Ignorance vs. bliss: Would you want to know if your spouse had an affair?

Hadley and Ernest Hemingway wed in September 1921
When I started thinking about packing for our holiday in Fiji last month, there were two items top of my packing list: a new swimsuit and a great read. It took a few hours to track down some swimmers I could bear to wear in public, but finding the perfect book took only a few seconds.

Paula McLain's The Paris Wife, the factional story of Ernest Hemingway's relationship with his first wife, Hadley Richardson, was already waiting for me on my bookshelves. A good friend gave me the book a while ago and I'd put it aside until I knew I would have a good chunk of time to devote to it.

I loved the book instantly. I don't know that much about Hemingway's work, but I didn't need to. The Paris Wife is a compelling tale of two young people navigating their way through marriage and life in post-war Paris. As a writer it was fascinating to read about the early years of Hemingway's career. Hadley describes his passion for writing brilliantly:
"His ambitions for his writing were fierce and all encompassing. He had writing the way other people had religion..."
It's widely known that Hemingway was a womaniser and eventually, like his father, brother and sister, committed suicide, but the early years of the marriage were happy. The Hemingways didn't have a lot of money compared to some of their peers, but still managed to spend a lot of time traveling around Europe rubbing shoulders with the literary glitterati of the time.

Hadley warns us in the prologue to: 'Keep watch for the girl who will come along and ruin everything.' And come along she does, insinuating herself into the lives of the Hemingways and eventually causing the break up of their marriage. It's frustrating and heartbreaking to see Hadley aware of what's happening and struggling to break free from the awful ménage a trois her marriage has become. As a reader, I wanted her to fight harder, but she explains why she can't:
"There are some who said I should have fought harder or longer than I did for my marriage, but in the end fighting for a love that was already gone felt like trying to live in the ruins of a lost city. I couldn't bear it and so I backed away..."
Reading The Paris Wife, it's easy to empathise with Hadley who knows her marriage is under threat, but isn't sure how to protect it. Nola Duncan, joint author with Libby Harkness of The Widow, faced a very different challenge. Happily married for 30 years, she thought her husband Michael was the perfect man - until clearing out his office on the anniversary of his death, she discovered 741 love letters between Michael and his lover, proof of his passionate six-year affair with a woman 23 years his junior.

 Nola Duncan's husband took his secret to the grave
It's hard to imagine how shocked and betrayed Nola must have felt.

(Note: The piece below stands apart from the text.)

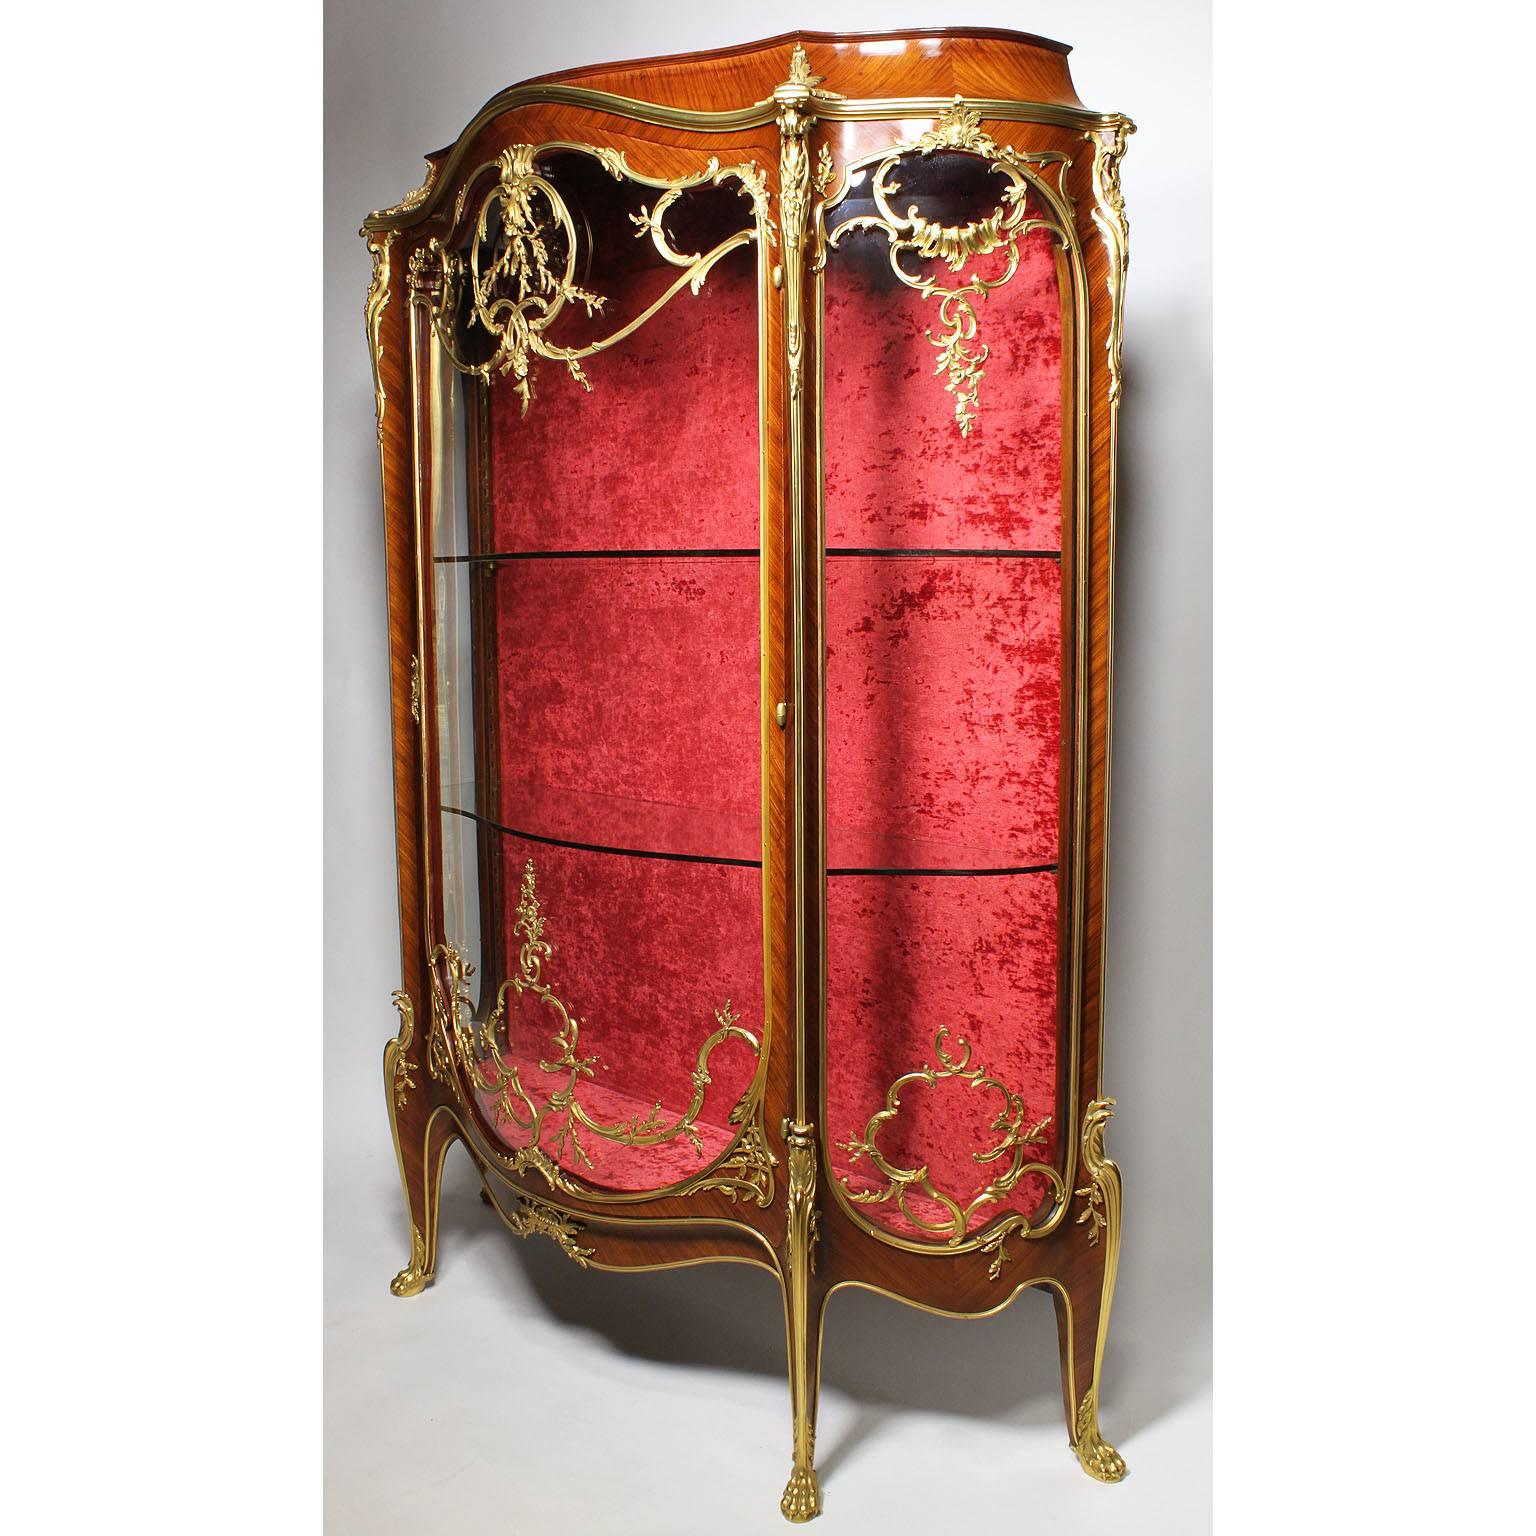 Vitrine à une porte de style Louis XV en bois de roi et bronze doré, le meuble en forme de demilune avec un capot arqué, une garniture moulée au-dessus d'une porte vitrée bombée encadrée de rocaille dans un rinceau en

Her story asks many unanswered and perhaps unanswerable questions: why did he keep the letters? Can a man love two women at once? And how could Nola not have known?

I don't pretend to have any of the answers. But the question that is haunting me now is whose shoes I would prefer to walk in - Hadley's or Nola's? If your husband has an affair is it better to know or not?


  1. I'd definitely want to know! Ignorance is only bliss while you're in it; but the truth will always out. Jane

  2. I quite agree. And how devastating to find out, as Nola did, only after your husband's death.

  3. But does you question imply that you will have to go looking for clues? The need to know isn't a passive thing. It'll force you to go through his credit card statements, pockets, drawers. Won't it?

  4. I don't think so. Neither Hadley Hemingway nor Nola Duncan were mistrustful - the knowledge of the affairs was thrust upon them. I just wondered who had it worst. And I think it was Nola - her husband was dead by the time she found out so she couldn't even have a go at him about it.